We have eight possible inputs combinations for this circuit. Starting from 0 to 7 in the binary system. I have prefill the inputs combinations row for you since we haven’t seen yet how to count in binary yet. I also added the result for the first combination since we already analyzed this inputs combination. This is the table we have to fill :

$\begin{array}{c c c|c} A & B & C & Output\\ \hline 0 & 0 & 0 & 1 \\ 0 & 0 & 1 & ? \\ 0 & 1 & 0 & ? \\ 0 & 1 & 1 & ? \\ 1 & 0 & 0 & ? \\ 1 & 0 & 1 & ? \\ 1 & 1 & 0 & ? \\ 1 & 1 & 1 & ? \end{array}$

We can start filling the truth table of this circuit.

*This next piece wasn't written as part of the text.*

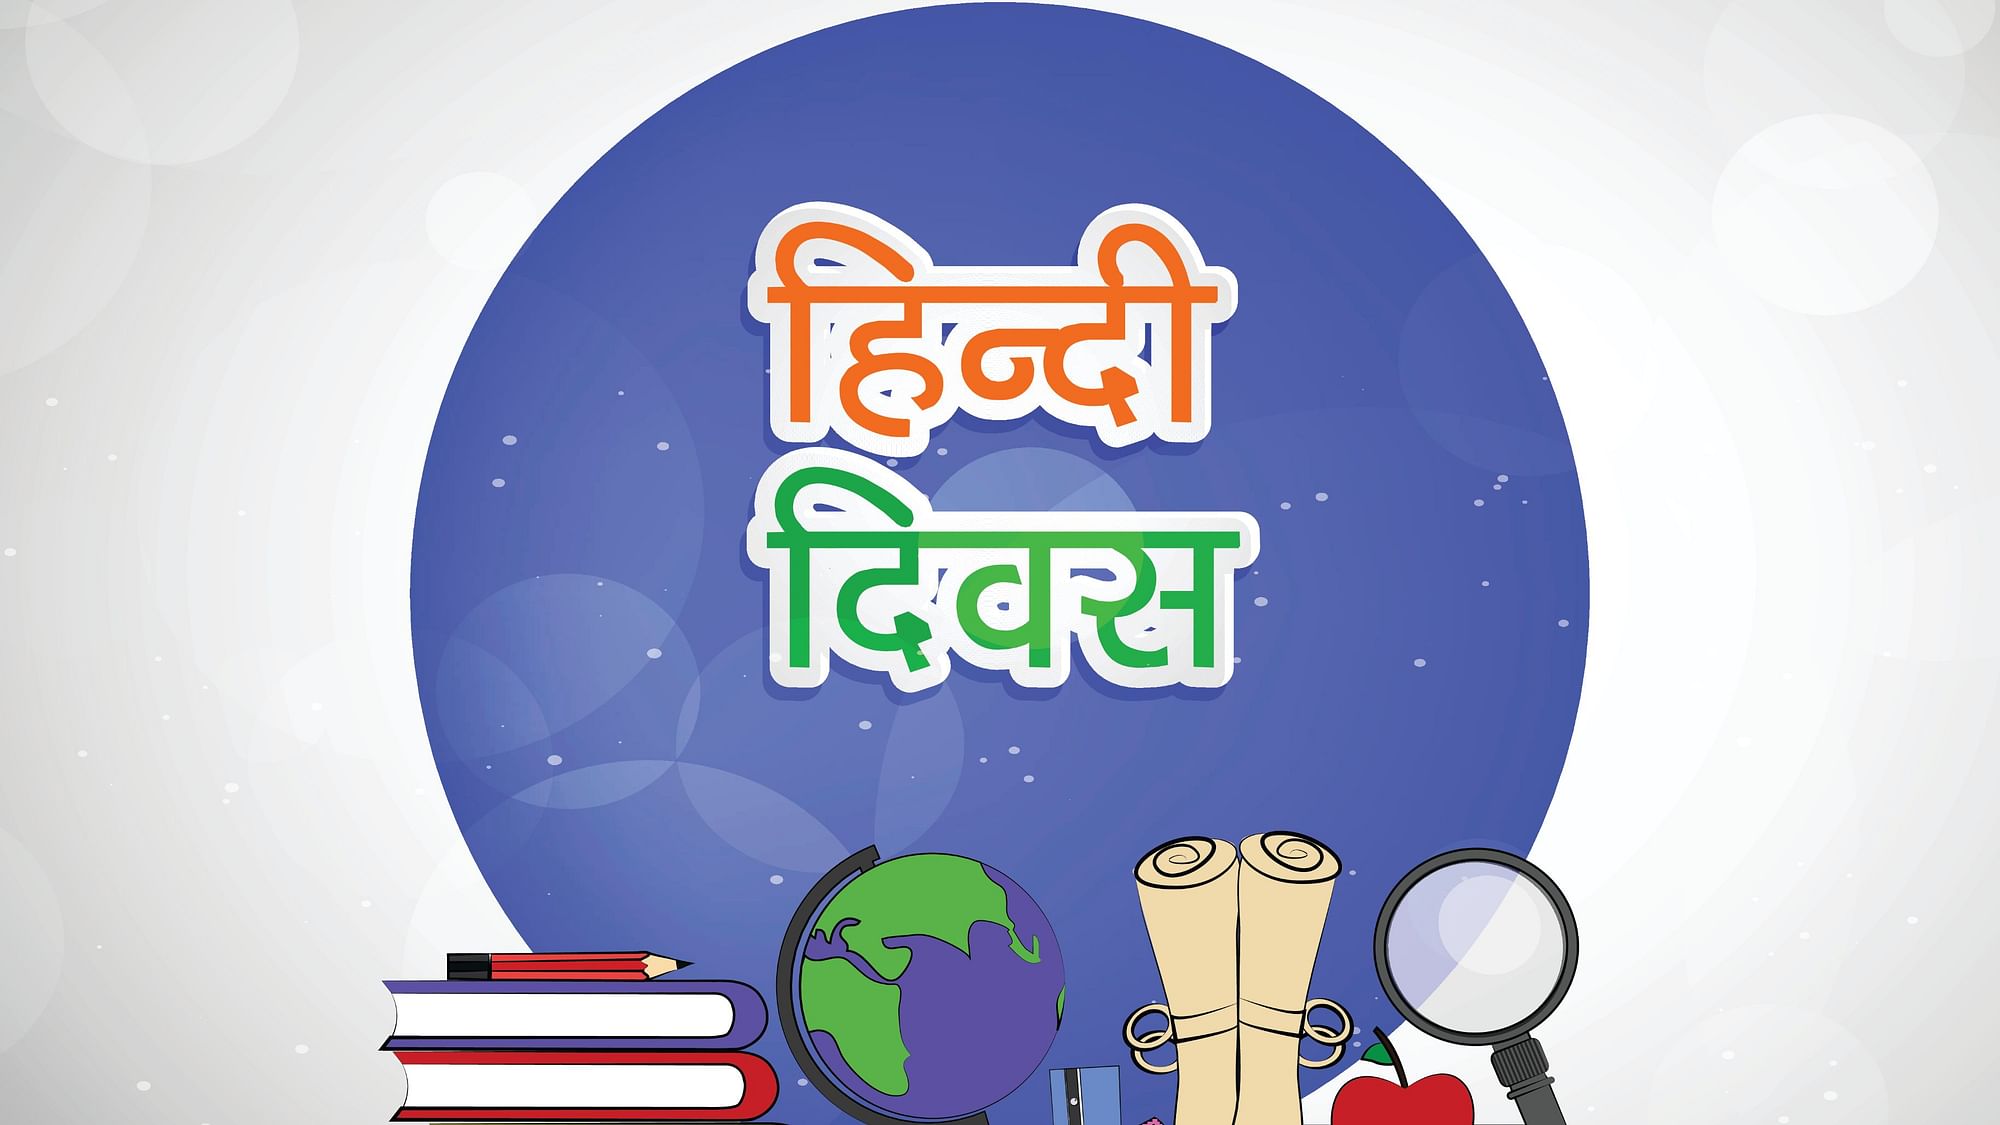 Hindi Diwas is celebrated on 14 September each year in India.
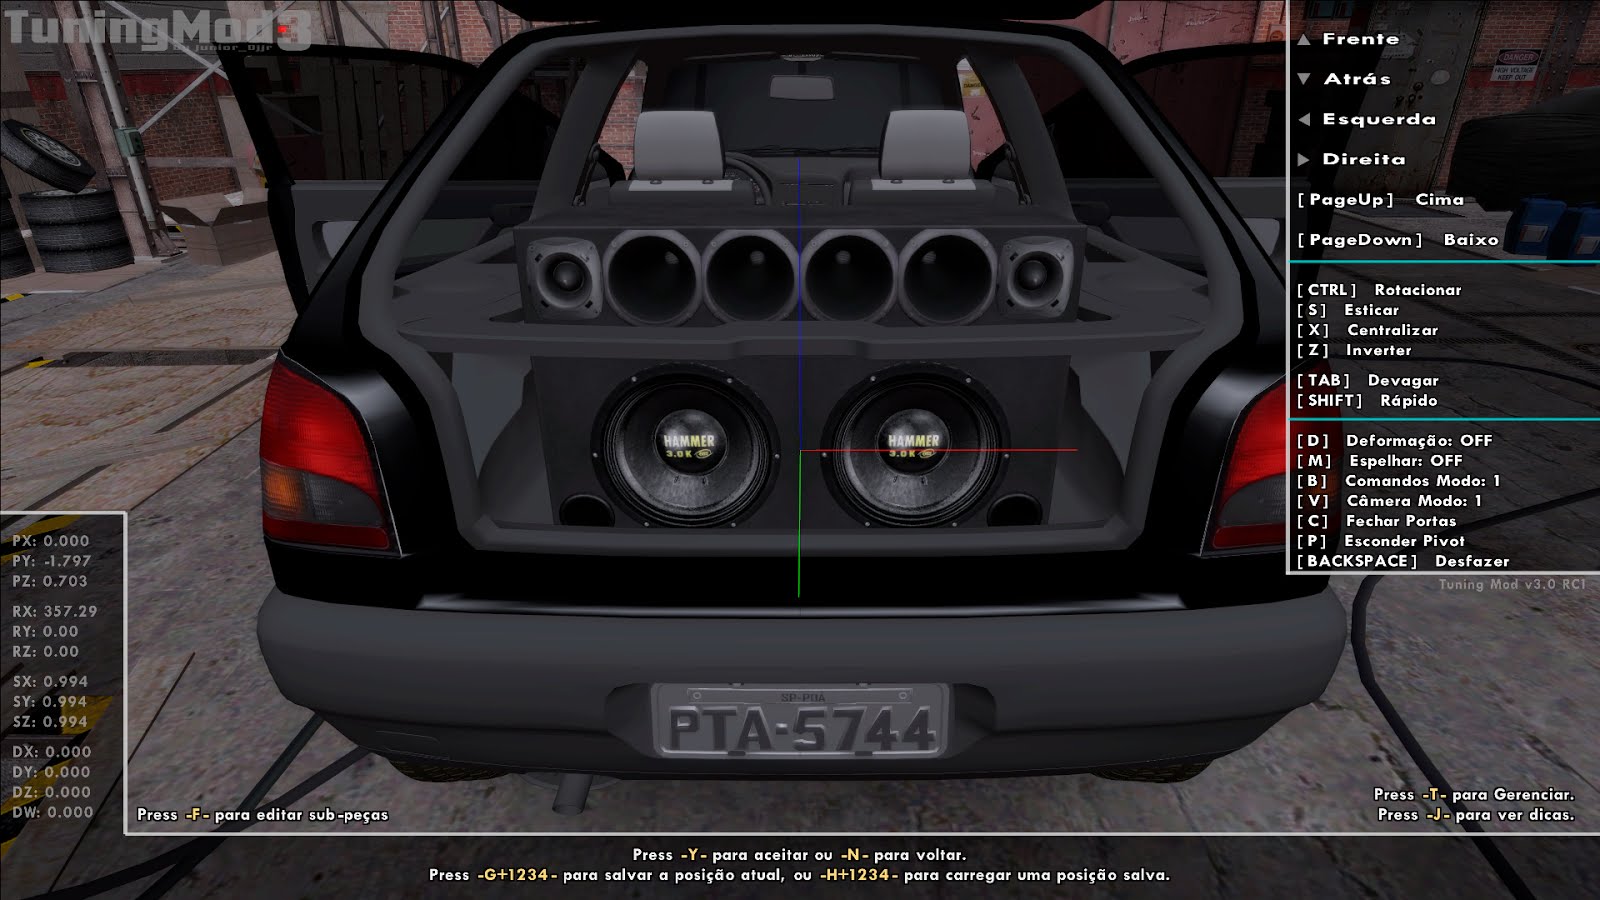 Tuning Mod by Junior_Djjr for Grand Theft Auto: San Andreas - ModDB

There are some shortcuts we can do to fill this table. If we look at the logic gate that drives the output, we have an “OR” gate. The “OR” gate produces a “Low” output if all of its input are “0s”. If one or multiples of its inputs are “1s”, the output of the “OR” logic gate will be a “1”. We need either a “1” on the top or bottom inputs of the “OR” gate to have an output “High” or “1”. The bottom input of the “OR” logic gate will be “1” if the input “C” of the “NOT” gate is “0”. The “NOT” gate will invert the input. If the input is Low “0”, the output is gonna be High “1”. For every row in our truth table where “C” is “0”, we will have an output “High” or “1”. This gives us the following truth table :

$\begin{array}{c c c|c} A & B & C & Output\\ \hline 0 & 0 & 0 & 1 \\ 0 & 0 & 1 & ? \\ 0 & 1 & 0 & 1 \\ 0 & 1 & 1 & ? \\ 1 & 0 & 0 & 1 \\ 1 & 0 & 1 & ? \\ 1 & 1 & 0 & 1 \\ 1 & 1 & 1 & ? \end{array}$

We know in the 4 rows we haven’t completed that the bottom input of the “OR” gate is “0” because “C” is “1” which gives a “0” at the “OR” gate. This doesn’t means that the output is “0” since the “OR” gate produces a “Low” output if all of its input are “0s”. We need to analyze the top input of the “OR” gate to be able to fill the rest of the truth table. We will now analyse the top input of the “OR” gate to find which combination of “A” and “B” gives us a “1” to complete the table. The “AND” gate produces a “High” or “1” at its output if all of its inputs are “1s”. This means the only case where the top input of the “OR” gate is going to be “1” is when “A” and “B” are both “1”. All others possibles combinations of “A” and “B” gives a “0” at the top input of the “OR” gate. We can complete the table with this information :

$\begin{array}{c c c|c} A & B & C & Output\\ \hline 0 & 0 & 0 & 1 \\ 0 & 0 & 1 & 0 \\ 0 & 1 & 0 & 1 \\ 0 & 1 & 1 & 0 \\ 1 & 0 & 0 & 1 \\ 1 & 0 & 1 & 0 \\ 1 & 1 & 0 & 1 \\ 1 & 1 & 1 & 1 \end{array}$

We are done with this example on combinational circuit. The next lesson is going to be another example like this. The last lesson is going to be exercises similar to the examples. You will have to solve these exercises using what you learned in this chapter.